[eBooks WS Tokyo] position paper submission (KAWABATA, Taichi & AKUTSU, Akihito)


Dear sirs,

Here I would like to attend eBooks WS Tokyo in upcoming in June,
and here I submit the position paper explaining our interests and concerns
regarding to eBooks.

* Participant's Interest

I have been working for NTT, but here we would like to submit my
position paper not as a person who work for the organization but as a
person with interests in digital publishing.

We (I and AKUTSU Akihito) have several years of experiences working in
standardization of characters and W3C specification, and privately
working on development of eBooks and OpenType font.  From the
experiences, I'm interested in making digital publishing platform
being easier to create publications and more interoperable.

----------------------

** Unencoded Characters and eBooks

There may be a chance that unencoded characters (in japanese, GAIJI)
may be used in a content, or title, or author of a book, especially in
East Asian Markets.  (For example, Aozora Bunko contains one literal
work whose title contains unencoded character.) Normally, unencoded
characters in the books are replaced by PUA (Private Use Area)
character or small image files.  However, such solutions has the
following problems.

1. Image files as unencoded characters can not cope with CSS
   foreground color specification, or text layout algorithms of eBook
   Readers.

2. Information of text with PUA may be lost when they are copied or
   transferred over the Internet.

3. Current ePub metadata do not support image-file as metadata.  When
   PUA characters are used in metadata, proper sorting or searching
   algorithm may fail.

4. Character properties, such as whether they should be displayed
   vertically or horizontally in vertical writing-mode, or whether can
   they break a line or not, can not be specified in normal way.

** Request and Suggestion

I hope that discussion to be held on how to handle unencoded
characters and ideographs on contents and metadata of eBooks.  It
should involve specifications on text encoding, character properties,
CSS writing-mode, CSS Fonts, Accesibilities, text collations and
metadata specifications.  Also, probalby, "Ruby" (parallel text
annotation) may have the same problem, as there have been no way to
specify ruby on non-HTML contents, such as metadata.


---------------

* Language and Script Speicification of eBooks

Language specification of eBook text involve the followings.

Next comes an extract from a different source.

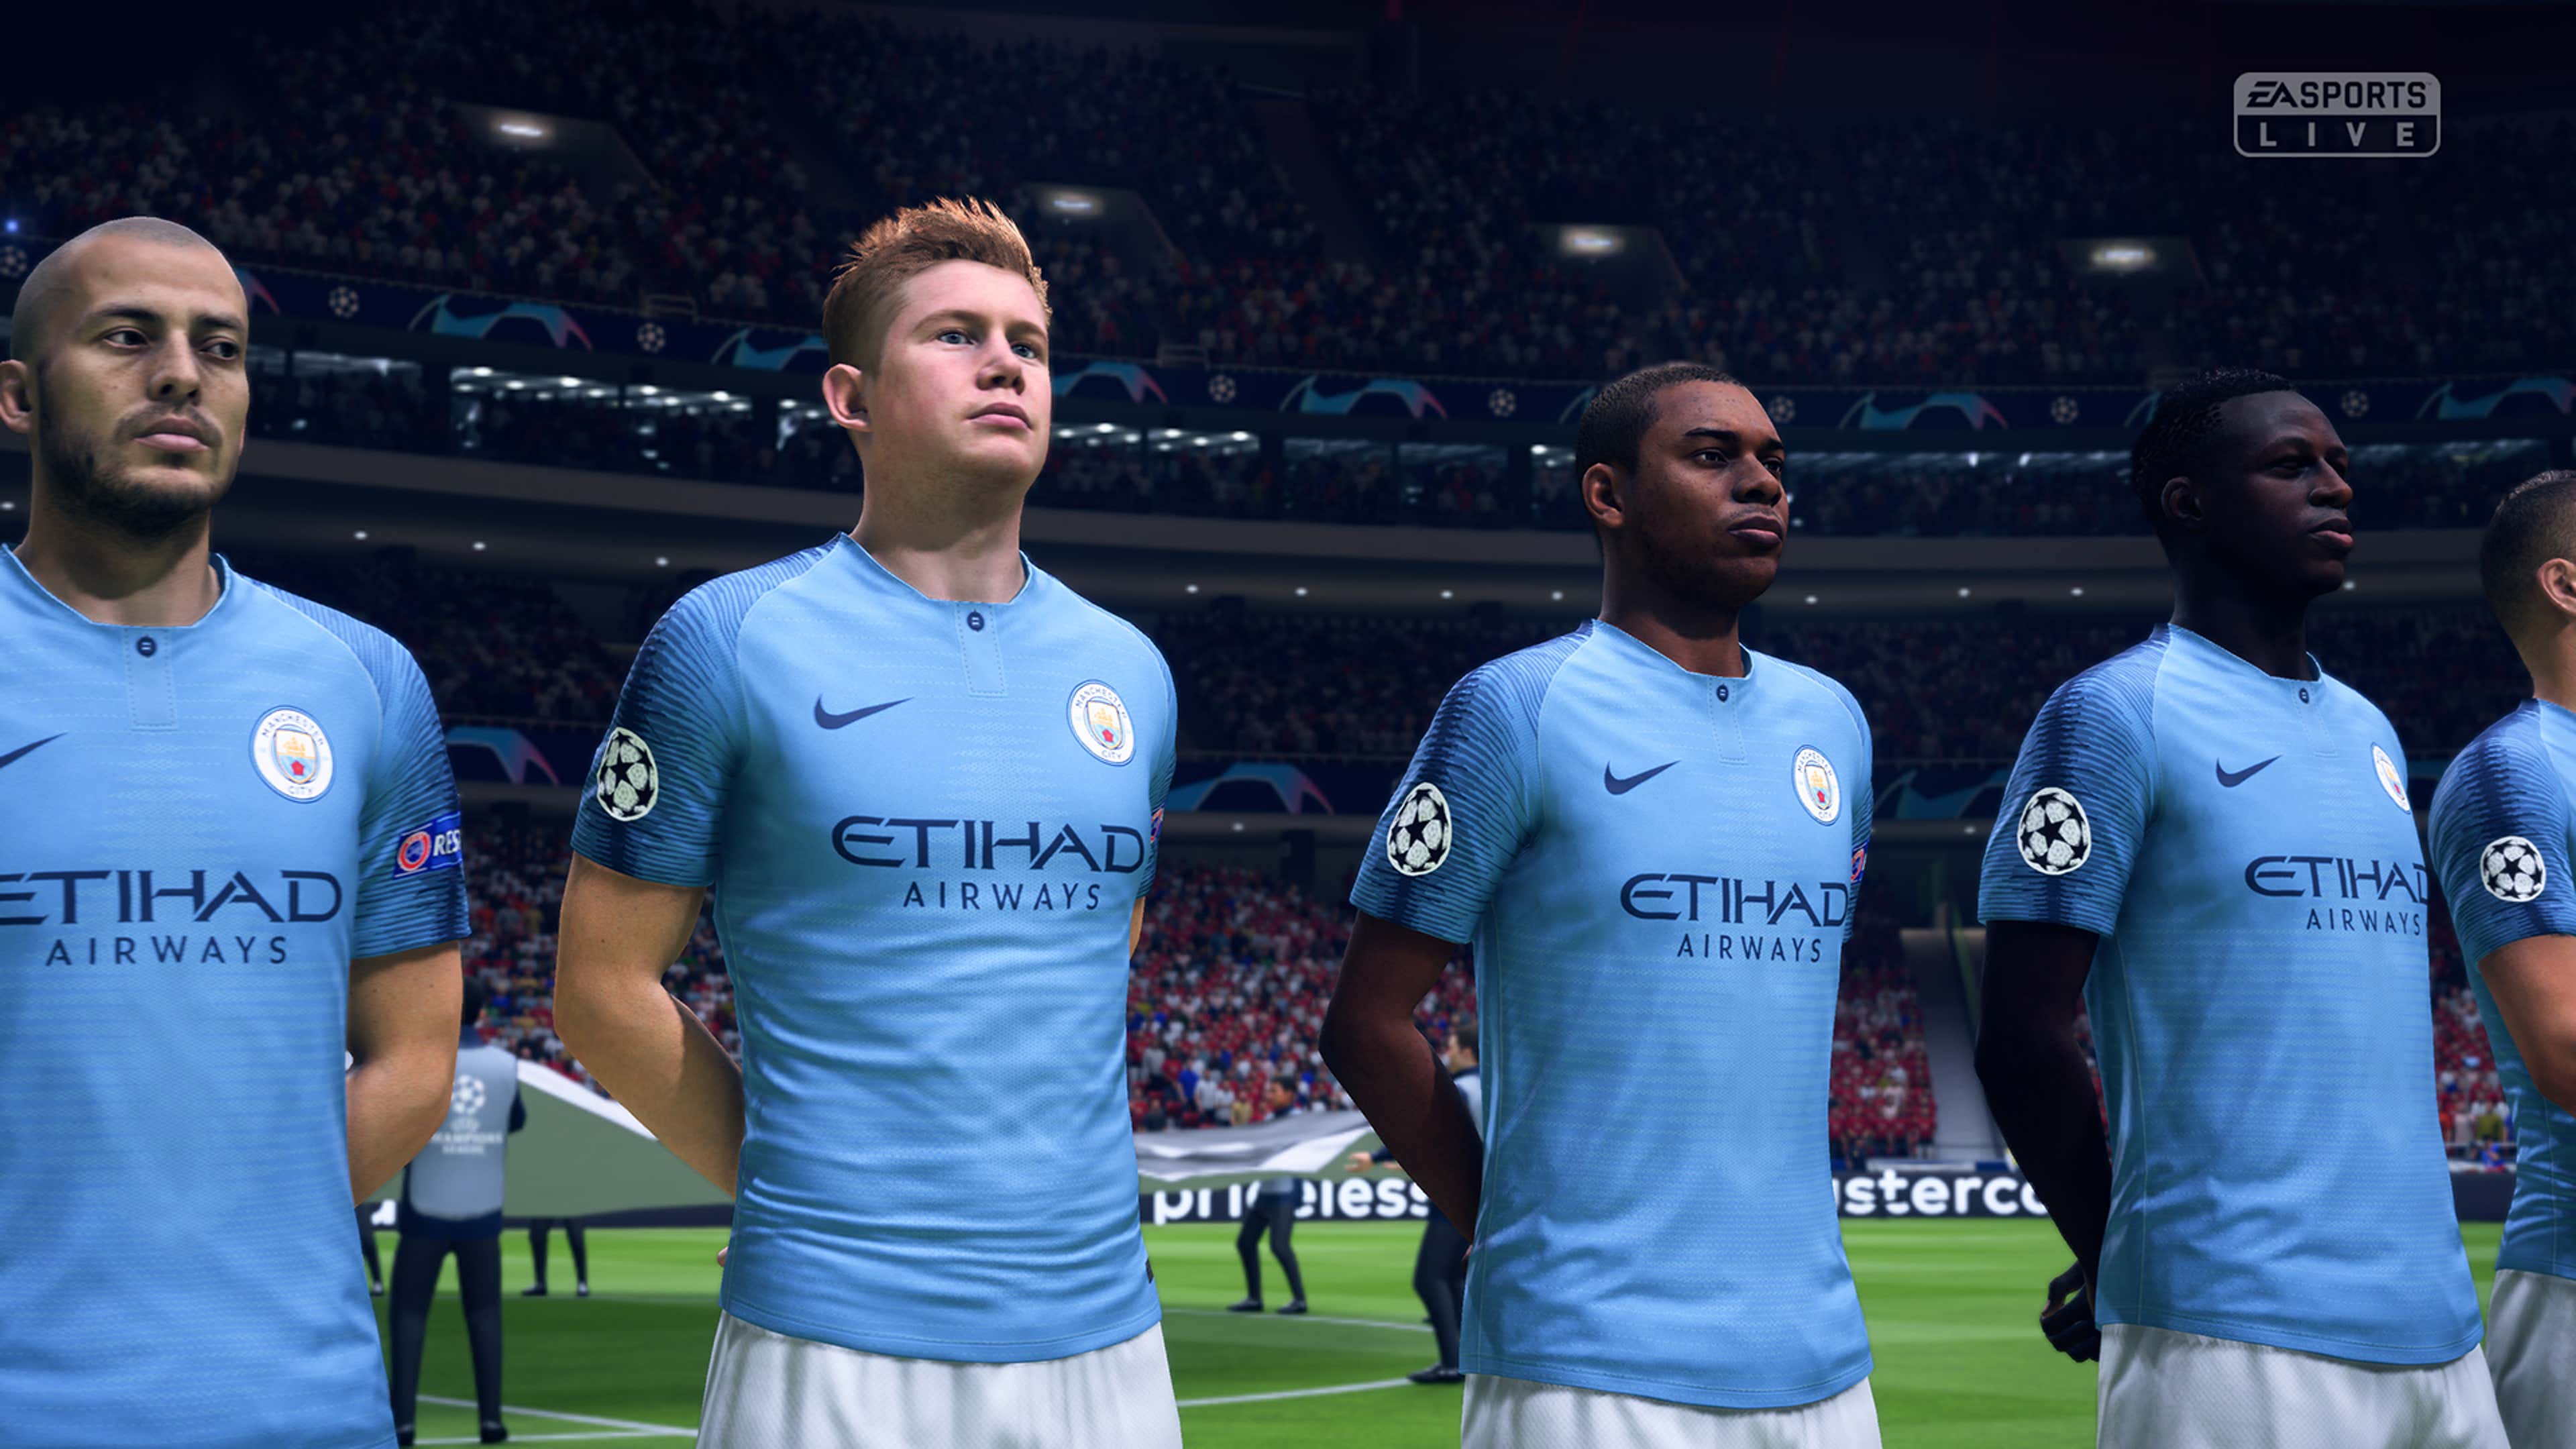 Brazilian pro soccer teams return to FIFA 16, but not its career modes -  Polygon

1. Layout rules of the script which belongs to specified language.
   (For example, JLREQ is often referred for Japanese text layout
   rules)
2. Speech Synthesis of Text (as specified in SSML)
3. Font glyph selection.  (OpenType specification provides
   language-dependent).

However, how such language specification should be reflected on these
visual/audio rendering is ambiguous.  For example, in SSML,
specification of natural languages on speech, lexicons, metadata,
tokens for text analysis, abbreviations, are all different.
(http://www.w3.org/TR/speech-synthesis11).

** Request and Suggestions

I hope that discussion on how language are specified in eBooks, and
influences of such specification concerning to audio/visual
presentations, for the clarification of the problem.  That may greatly
widen the use of eBooks by mean of forein language textbooks and
eBooks for dyslexia people.

--